И наша восьмерка решила избавиться от них. Мы знали, что никакие просьбы и заявления не помогут: ведь конвой был с ними заодно. Потому мы пошли на довольно подловатую хитрость (нам тоже Бог простит!). Во время стоянки было выброшено письмо, в котором говорилось, что в нашем вагоне блатнячки готовятся к побегу, что ножами они хотят вскрыть пол и удрать на ходу поезда. Через полчаса в вагон вскочили конвоиры, сделали тщательный шмон, нашли ножи и посадили блатнячек в вагон-карцер. Дальнейший путь протекал у нас спокойно. После месяца пути мы прибыли в сельскохозяйственный лагерь — отделение Суслово, где были сразу изолированы в карантине. Этот карантин был сам по себе инкубатором всяких болезней. Теснота, липкая черноземная грязь, тучи блох и клопов. На нарах мест не хватало, спали под нарами.
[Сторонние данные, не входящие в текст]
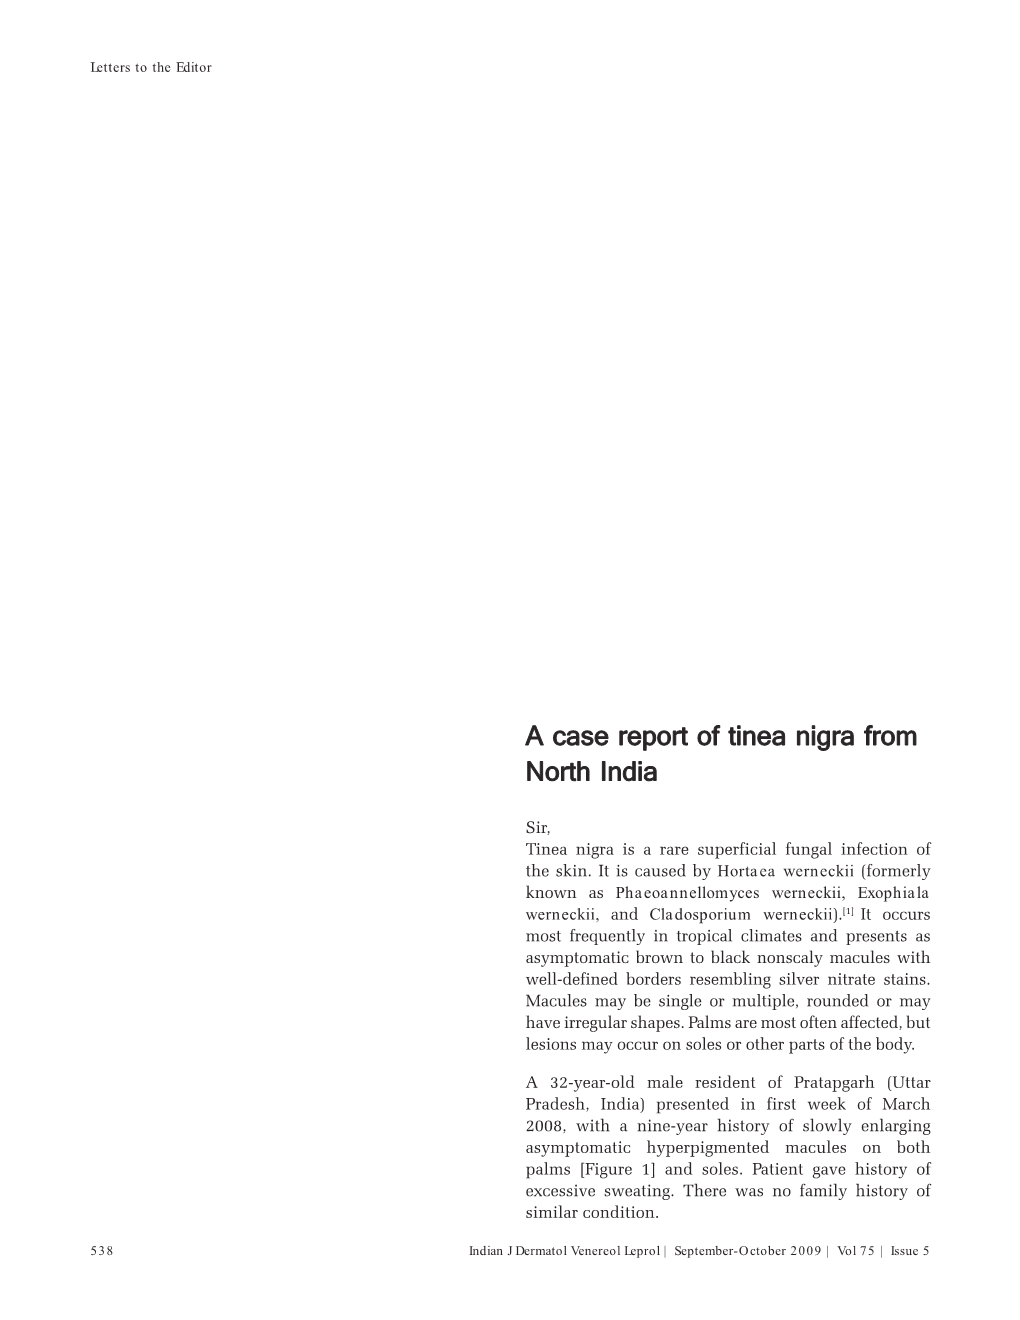 A Case Report of Tinea Nigra from North India

Однажды в барак зашел начальник культурно-воспитательной части отделения. Он набирал артистов в культбригаду. Кто-то из моих спутниц по этапу «выдал» меня, и после карантина я уже лепила куклы в маленькой рабочей комнате отделенческого клуба. (Весь сусловский лагерь считался совхозом, и главное отделение было как бы конторой совхоза.) Этот лагпункт отличался от остальных только большим лазаретом и клубом. А в жилых бараках — те же клопы и блохи, набитые соломой тюфяки без простыней, рваные одеяла. В отличие от северных лагерей здесь зимой бараки почти не отапливались. Люди спали на нарах не раздеваясь, в бушлатах, ватных брюках и валенках. Мне-то было сравнительно хорошо. Я жила при клубе. Это было большое ветхое здание, кишевшее крысами, которое невозможно было натопить. Мы жгли что попало: декорации, подшивки газет, мебель. Однажды во время застольной репетиции один из ребят на минутку отлучился, а когда вернулся, его стул уже догорал в печке. Но все равно, как ни топили, пролитая на стол вода или суп моментально замерзали.
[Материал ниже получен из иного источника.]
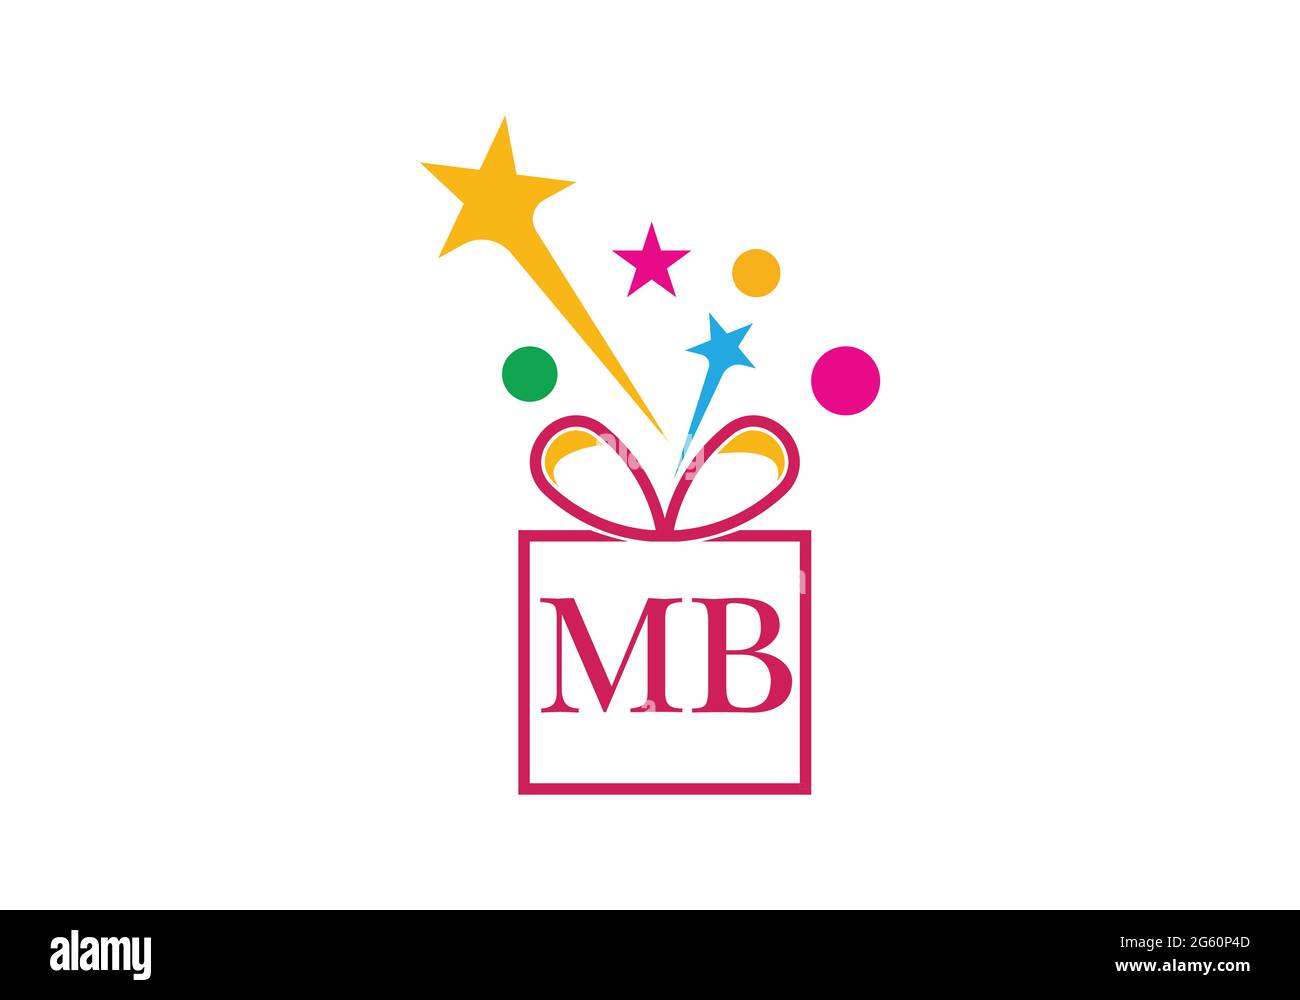 Gift Box, gift shop letter alphabet M B logo icon for Luxury brand design for wedding invitations, greeting card, logo, and other design. Stock Vector

В 1949 году впервые в обычном, не штрафном лагере зону разделили на женскую и мужскую. Наши мальчики стали ходить на репетиции по пропускам через вахту (клуб остался в женской зоне). В это время особенно проявилась сила гонимой любви. Мужчины и женщины лезли к своим любимым через проволоку, получали пули, становились калеками, но это никого не останавливало. А потом женщин вообще убрали с этого лагпункта, и он стал чисто мужским. Культбригада прекратила свое существование. Для меня это было большим ударом, потому что я очень привязалась к коллективу, совсем не похожему на ТЭКОвский. Здесь трудности спаяли нас в одну семью, где царили шутки, смех, веселые проделки и круговая порука. Этому коллективу я обязана тем, что до сих пор топчу землю. Как-то я заболела острой пневмонией, и врачи, за отсутствием лекарств, предоставили мне спокойно умирать. Бесконвойные культбригадники обегали два поселка и, где только можно было, выпрашивали таблетки сульфидина, а затем по очереди сидели у моей кровати, чтобы вовремя дать лекарство. Только благодаря им я и выжила.
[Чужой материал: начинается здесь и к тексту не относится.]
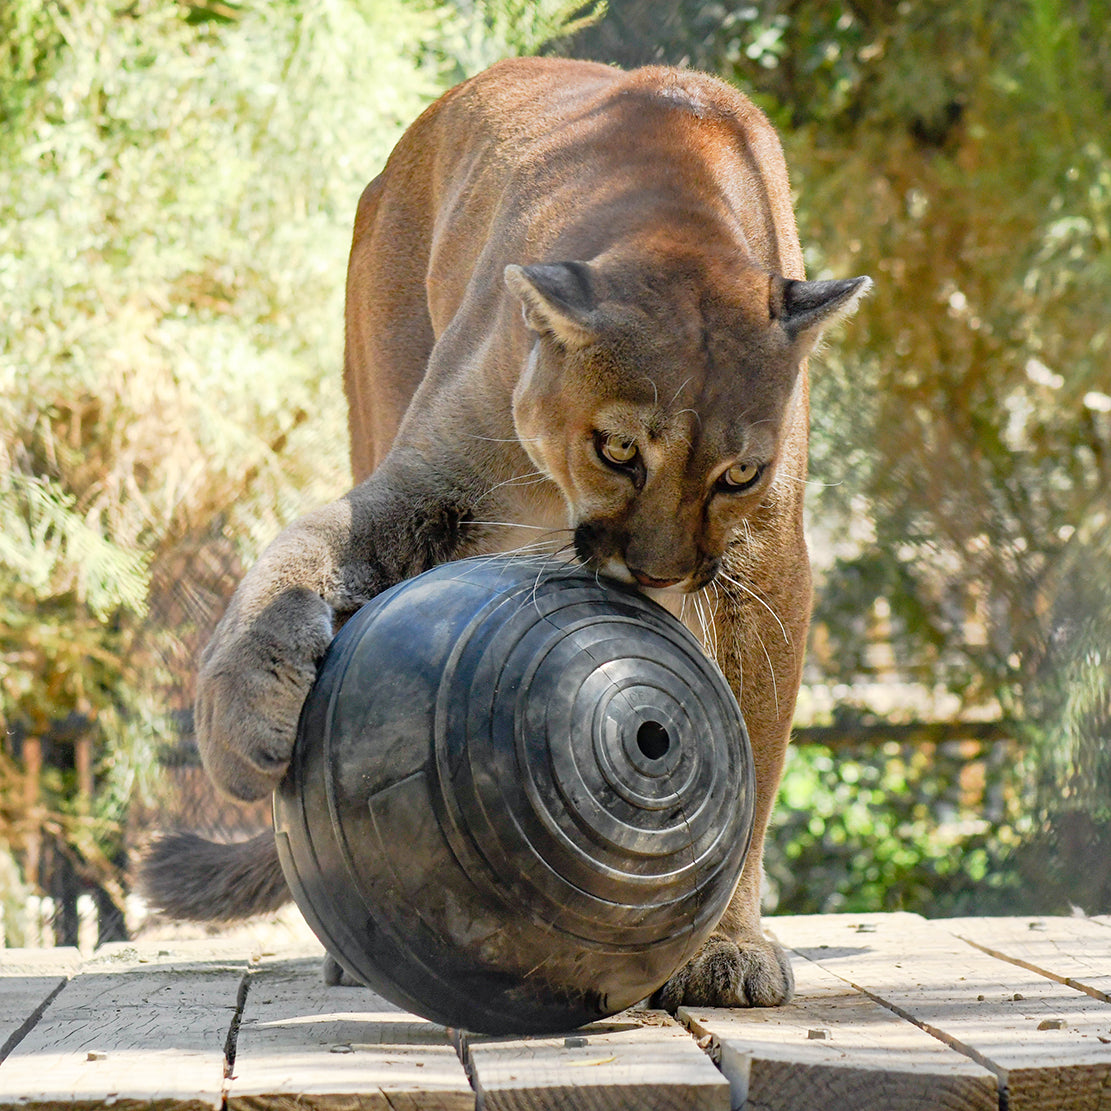 Mountain lion playing with solid ball

Мне не пришлось идти на общие работы. Сразу после разгона культбригады на меня пришел наряд в управленческий «крепостной» театр. Откуда обо мне там стало известно? На одну из ежегодных олимпиад мы привезли в Мариинск кукольный театр и пьесу живого плана, в которой у меня была роль отрицательной фифочки, жены ответработника. У себя в отделении и на гастролях по другим лагпунктам у меня эта роль проходила средненько. А тут, на большой сцене, с меня будто оковы свалились. Я заиграла так живо, естественно и непринужденно, вместе с тем смешно, что меня проводили со сцены аплодисментами. Тогда же мне и сделали предложение перейти в управленческий театр. Но свой коллектив я бы не променяла ни на какие блага. Когда же в Мариинске узнали, что сусловской культбригады уже не существует, на меня и спустили наряд.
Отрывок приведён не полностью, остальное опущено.